見た目は厳しいが清濁を併せ吞み、朱夏と透を鉄山の中核となる、ある事業に登用する。

滴(シズク)

1850(嘉永3)年生まれ

木地師と名乗り、盛岡で朱夏と透を助けた頼もしい姉御。新聞を読むのが好き。

二人を浄法寺へと導き、商家「砂屋」の食客とする。

砂屋の経営を担い、漆の生育、競りの開催、天台寺との交渉、生産組合の結成など、

時代の流れに応じ、先を見据えた手を打っていこうと奮闘する。

蒔(マキ)

1854(嘉永7)年生まれ

座敷童のように福々しい見た目をした滴の妹。

圧倒的技術力で砂屋の塗り小屋を治める塗り師。

行商の男たちに強気に交渉するが、それは世間知らずの裏返しでもある。

透に塗りを教える中で、彼女自身も成長していく。

風陣(フウジン)

越前から浄法寺へやってきた越前衆の頭目。

大柄で髭面。

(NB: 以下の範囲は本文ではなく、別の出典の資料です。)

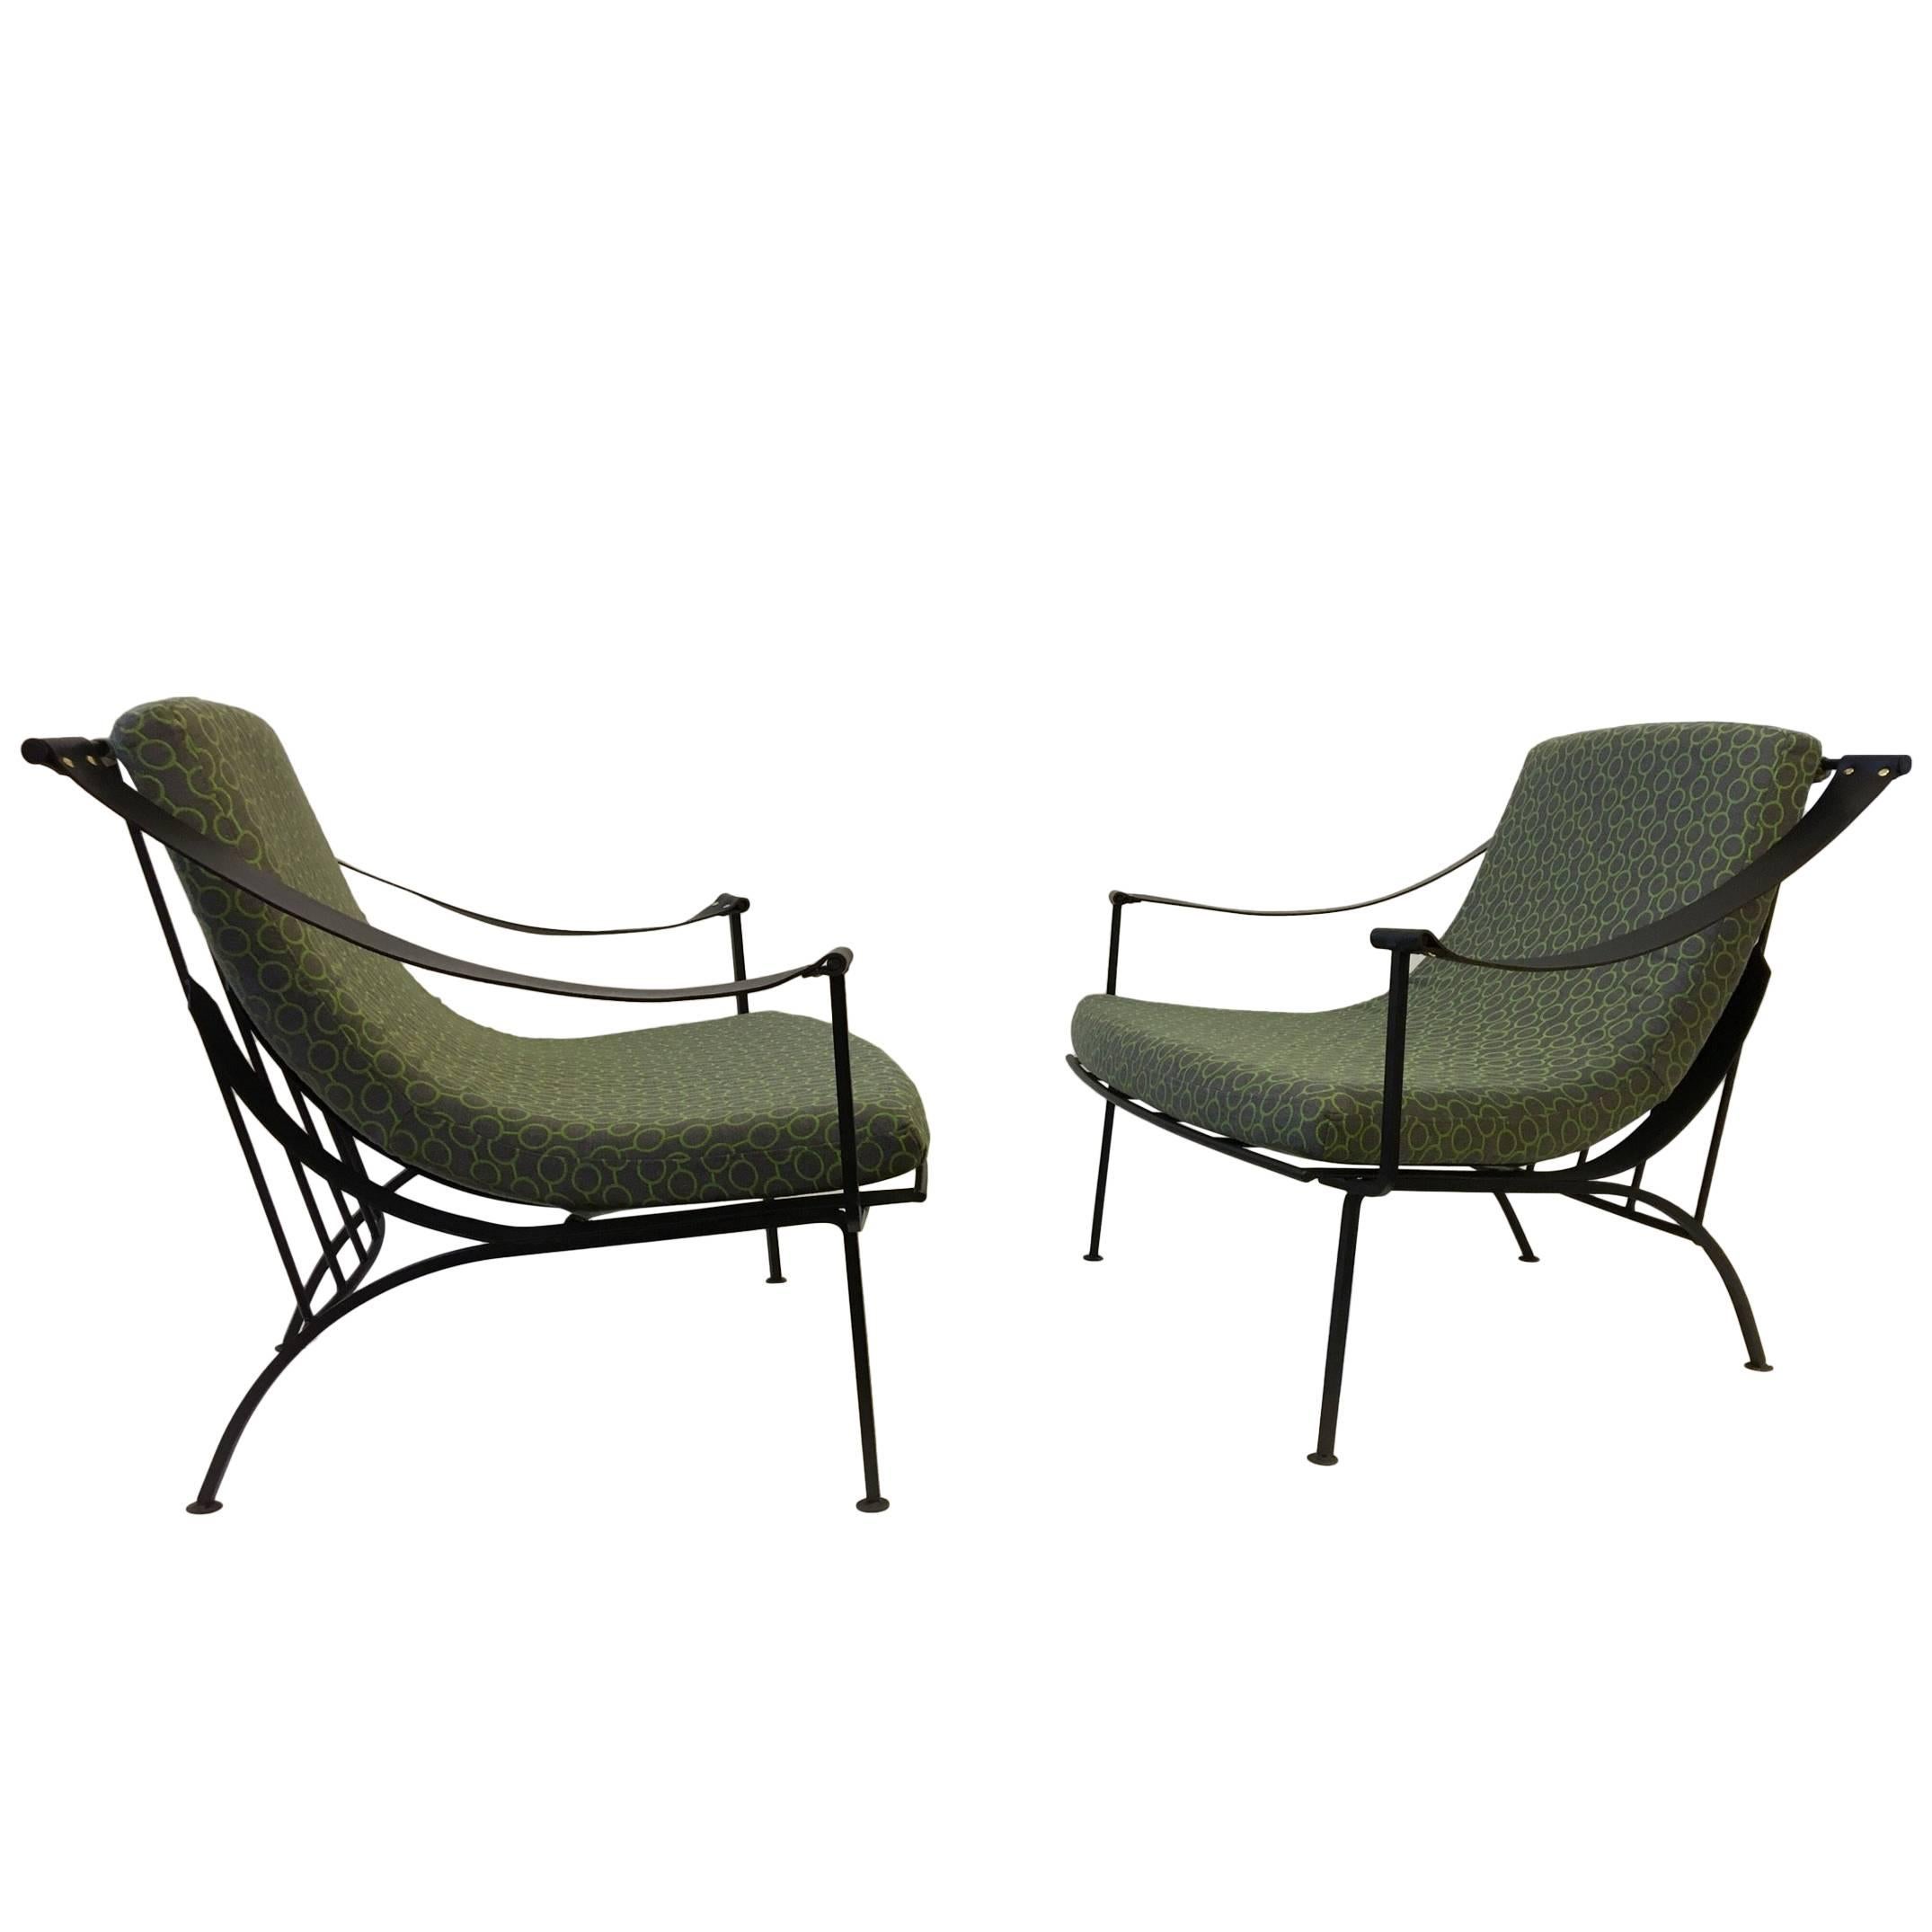 Pair of Wrought Iron and Fabric Lounge Chairs by Russell Woodard
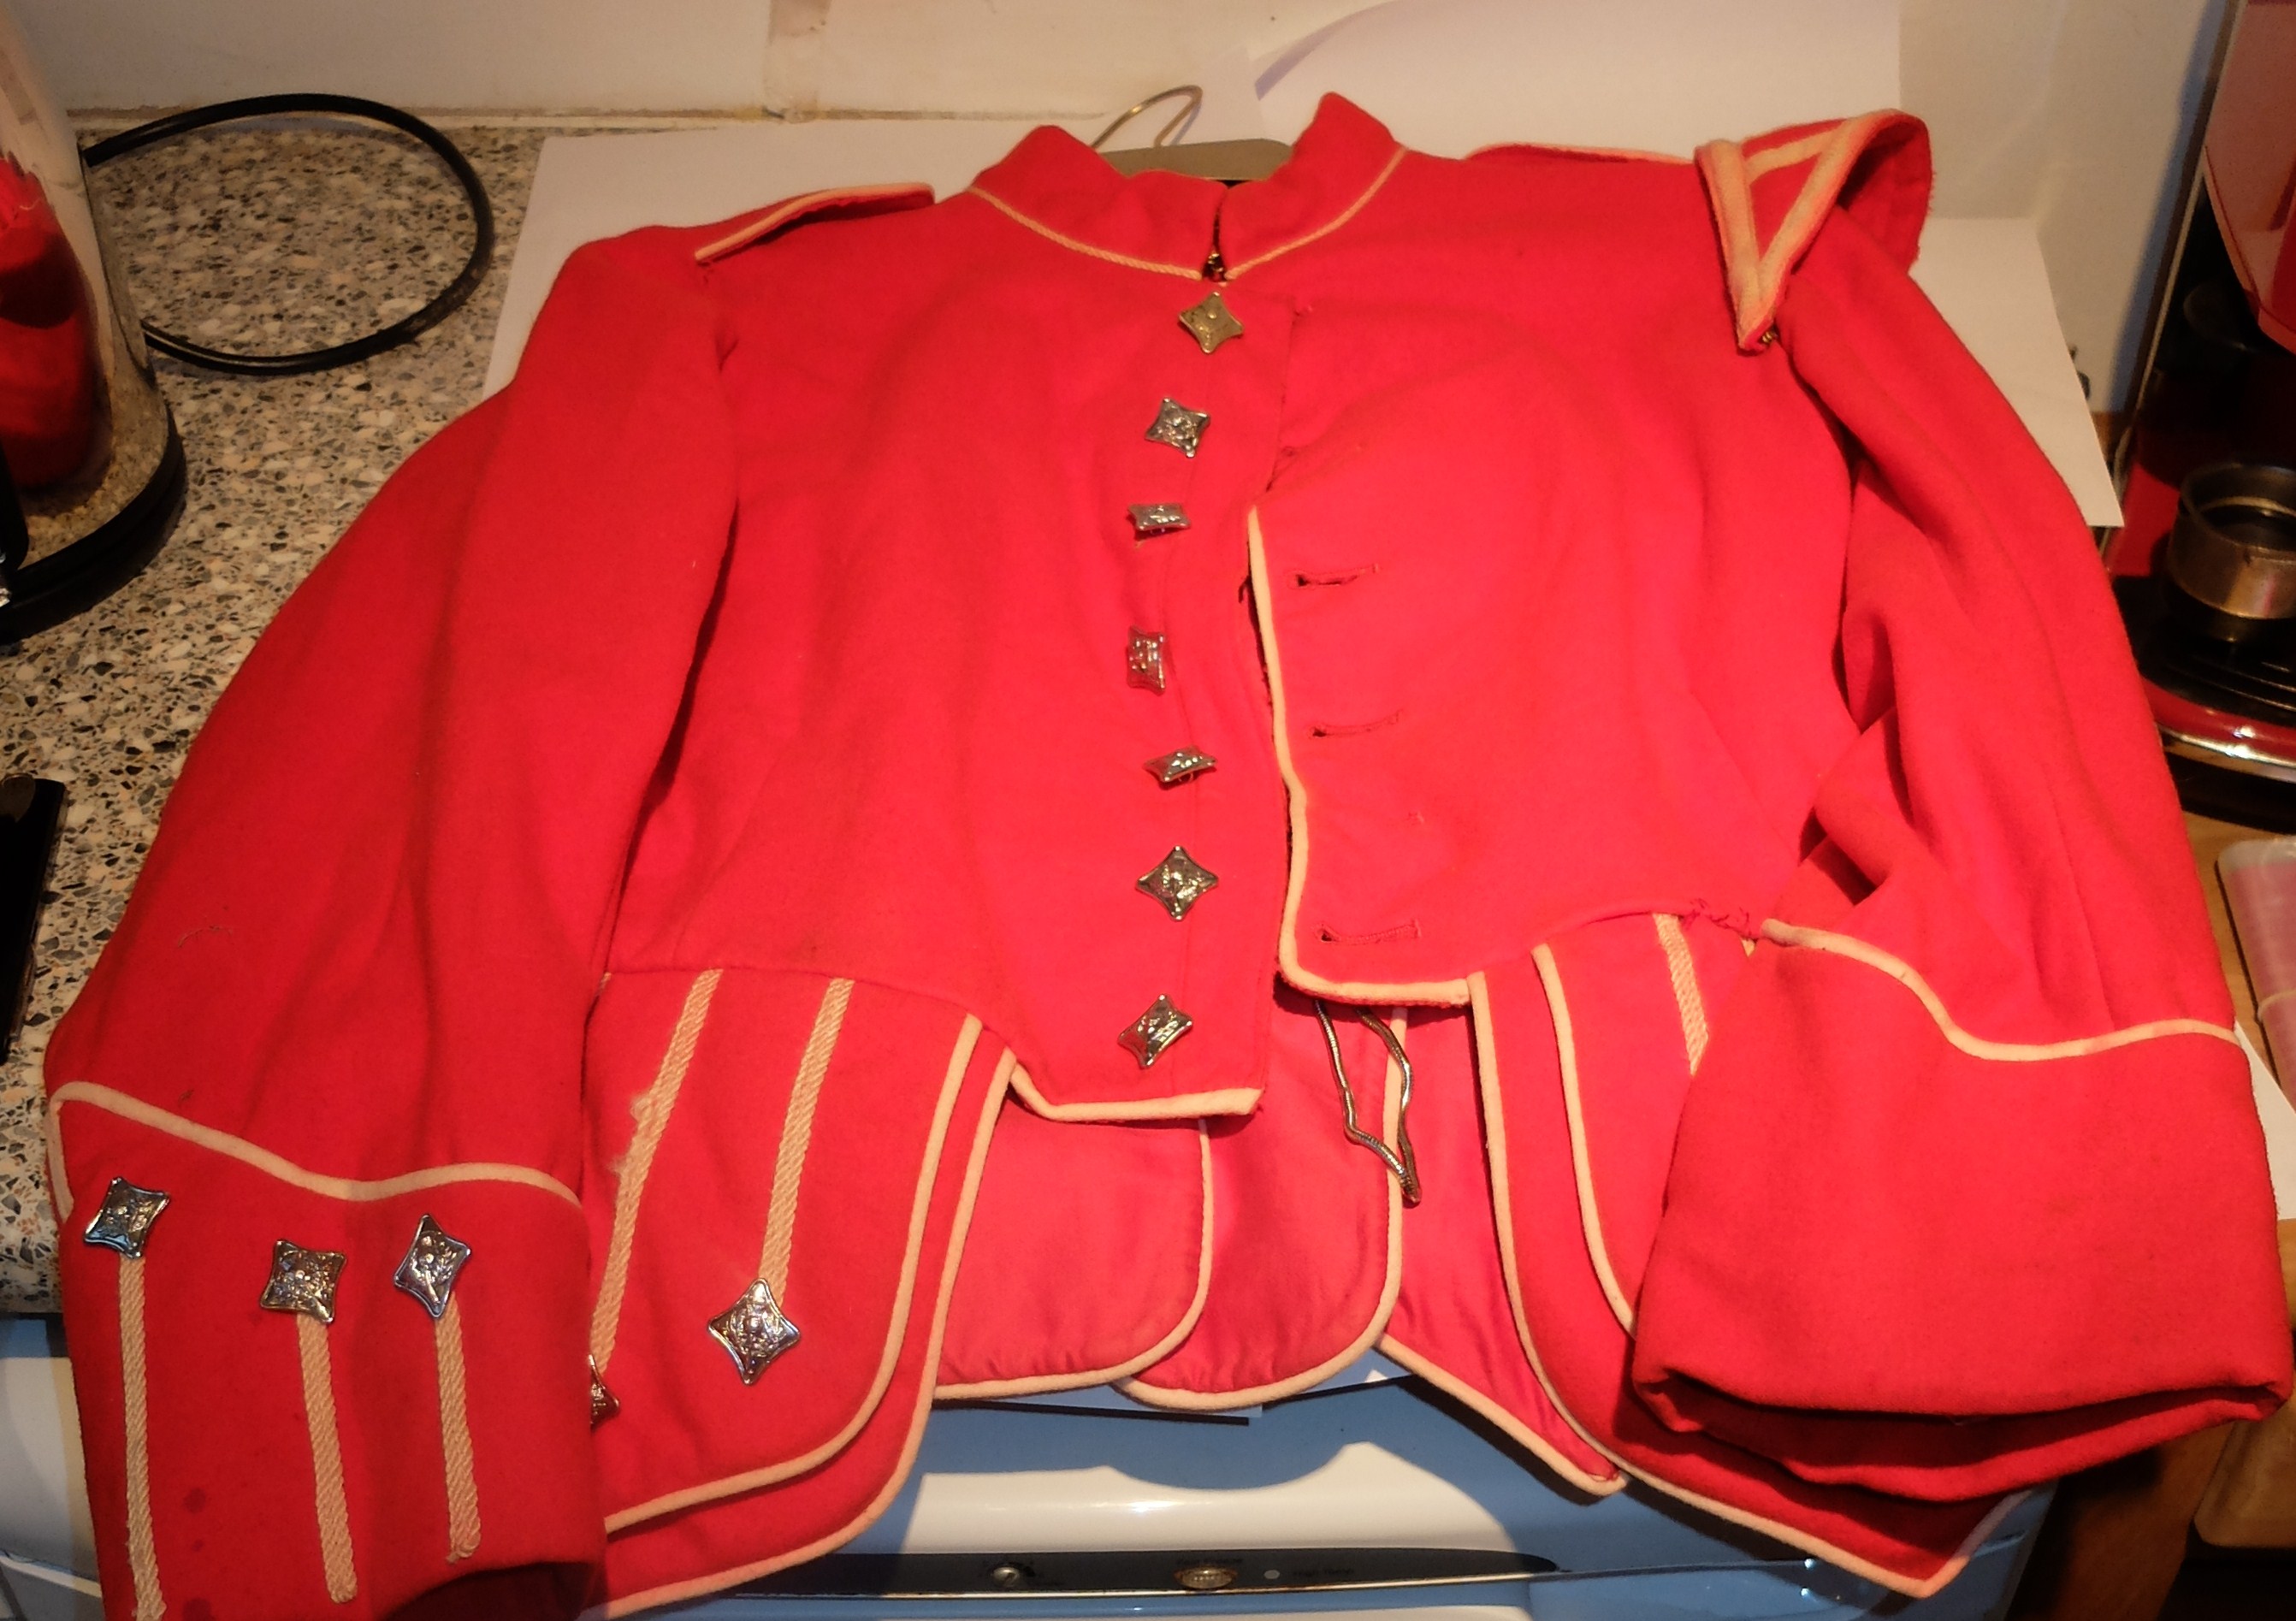 Sale Item:    VINTAGE ARMY TUNIC   Vat Status:   No Vat   Buyers Premium:  This lot is subject to a

ならず者のように見えるが、口調は柔らかく油断できない。

浄法寺に「殺し掻き」を導入し、越前の刃物を売って生産力を高める。

「旗屋」の食客として、砂屋に対抗する。

政(マサ)

天皇家の赦免状を持つ近江の木地師。風陣とともに旗屋の食客として活動する。

大柄な風陣とは対照的な小男で、ほとんど喋らないように見える。

やがて砂屋と旗屋の対立の中で、特殊な役回りを与えられるようになっていく。